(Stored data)
== Segment start ==

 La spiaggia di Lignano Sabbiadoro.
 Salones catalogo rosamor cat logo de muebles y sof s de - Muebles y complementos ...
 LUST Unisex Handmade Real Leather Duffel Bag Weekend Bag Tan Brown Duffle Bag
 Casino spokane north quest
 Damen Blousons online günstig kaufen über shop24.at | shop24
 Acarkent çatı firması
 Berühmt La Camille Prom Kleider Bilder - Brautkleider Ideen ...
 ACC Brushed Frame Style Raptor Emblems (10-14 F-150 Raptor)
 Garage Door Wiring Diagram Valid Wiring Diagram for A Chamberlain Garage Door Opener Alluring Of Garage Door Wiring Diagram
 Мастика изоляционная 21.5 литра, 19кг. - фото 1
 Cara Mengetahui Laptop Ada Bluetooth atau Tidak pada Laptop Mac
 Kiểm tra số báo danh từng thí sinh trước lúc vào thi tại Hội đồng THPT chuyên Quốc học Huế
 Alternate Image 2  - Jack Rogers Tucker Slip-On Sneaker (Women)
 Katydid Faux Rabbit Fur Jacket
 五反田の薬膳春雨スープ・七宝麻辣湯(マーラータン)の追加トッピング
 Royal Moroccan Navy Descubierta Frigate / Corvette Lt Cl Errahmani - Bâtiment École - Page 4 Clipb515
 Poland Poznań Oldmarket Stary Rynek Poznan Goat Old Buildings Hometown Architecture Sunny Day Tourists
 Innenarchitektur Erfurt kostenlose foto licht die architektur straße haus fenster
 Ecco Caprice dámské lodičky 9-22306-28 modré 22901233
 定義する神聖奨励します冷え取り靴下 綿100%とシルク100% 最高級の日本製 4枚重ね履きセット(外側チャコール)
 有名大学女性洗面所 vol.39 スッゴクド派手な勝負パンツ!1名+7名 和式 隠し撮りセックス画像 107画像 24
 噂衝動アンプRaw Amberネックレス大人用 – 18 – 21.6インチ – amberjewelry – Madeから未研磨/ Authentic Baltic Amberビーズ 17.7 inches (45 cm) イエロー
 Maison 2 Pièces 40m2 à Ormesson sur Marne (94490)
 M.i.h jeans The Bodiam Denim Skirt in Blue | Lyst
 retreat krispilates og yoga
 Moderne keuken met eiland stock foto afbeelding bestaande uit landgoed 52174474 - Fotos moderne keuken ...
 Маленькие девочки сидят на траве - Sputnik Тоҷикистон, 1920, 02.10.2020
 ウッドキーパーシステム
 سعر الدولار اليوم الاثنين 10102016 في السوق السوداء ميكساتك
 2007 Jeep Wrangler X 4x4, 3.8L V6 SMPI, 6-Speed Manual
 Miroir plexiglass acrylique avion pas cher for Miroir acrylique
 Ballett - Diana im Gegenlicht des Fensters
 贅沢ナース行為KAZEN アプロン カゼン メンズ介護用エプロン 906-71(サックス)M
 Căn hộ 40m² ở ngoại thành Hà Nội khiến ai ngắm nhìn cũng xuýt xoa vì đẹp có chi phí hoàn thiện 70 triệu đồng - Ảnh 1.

== Segment end ==

* [PROBLEM DETAILS]: Using the records above, please retype only the run of lines from the line holding "Kiểm tra số" through the last line, both ends included.

* [TASK SOLUTION]:
 Kiểm tra số báo danh từng thí sinh trước lúc vào thi tại Hội đồng THPT chuyên Quốc học Huế
 Alternate Image 2  - Jack Rogers Tucker Slip-On Sneaker (Women)
 Katydid Faux Rabbit Fur Jacket
 五反田の薬膳春雨スープ・七宝麻辣湯(マーラータン)の追加トッピング
 Royal Moroccan Navy Descubierta Frigate / Corvette Lt Cl Errahmani - Bâtiment École - Page 4 Clipb515
 Poland Poznań Oldmarket Stary Rynek Poznan Goat Old Buildings Hometown Architecture Sunny Day Tourists
 Innenarchitektur Erfurt kostenlose foto licht die architektur straße haus fenster
 Ecco Caprice dámské lodičky 9-22306-28 modré 22901233
 定義する神聖奨励します冷え取り靴下 綿100%とシルク100% 最高級の日本製 4枚重ね履きセット(外側チャコール)
 有名大学女性洗面所 vol.39 スッゴクド派手な勝負パンツ!1名+7名 和式 隠し撮りセックス画像 107画像 24
 噂衝動アンプRaw Amberネックレス大人用 – 18 – 21.6インチ – amberjewelry – Madeから未研磨/ Authentic Baltic Amberビーズ 17.7 inches (45 cm) イエロー
 Maison 2 Pièces 40m2 à Ormesson sur Marne (94490)
 M.i.h jeans The Bodiam Denim Skirt in Blue | Lyst
 retreat krispilates og yoga
 Moderne keuken met eiland stock foto afbeelding bestaande uit landgoed 52174474 - Fotos moderne keuken ...
 Маленькие девочки сидят на траве - Sputnik Тоҷикистон, 1920, 02.10.2020
 ウッドキーパーシステム
 سعر الدولار اليوم الاثنين 10102016 في السوق السوداء ميكساتك
 2007 Jeep Wrangler X 4x4, 3.8L V6 SMPI, 6-Speed Manual
 Miroir plexiglass acrylique avion pas cher for Miroir acrylique
 Ballett - Diana im Gegenlicht des Fensters
 贅沢ナース行為KAZEN アプロン カゼン メンズ介護用エプロン 906-71(サックス)M
 Căn hộ 40m² ở ngoại thành Hà Nội khiến ai ngắm nhìn cũng xuýt xoa vì đẹp có chi phí hoàn thiện 70 triệu đồng - Ảnh 1.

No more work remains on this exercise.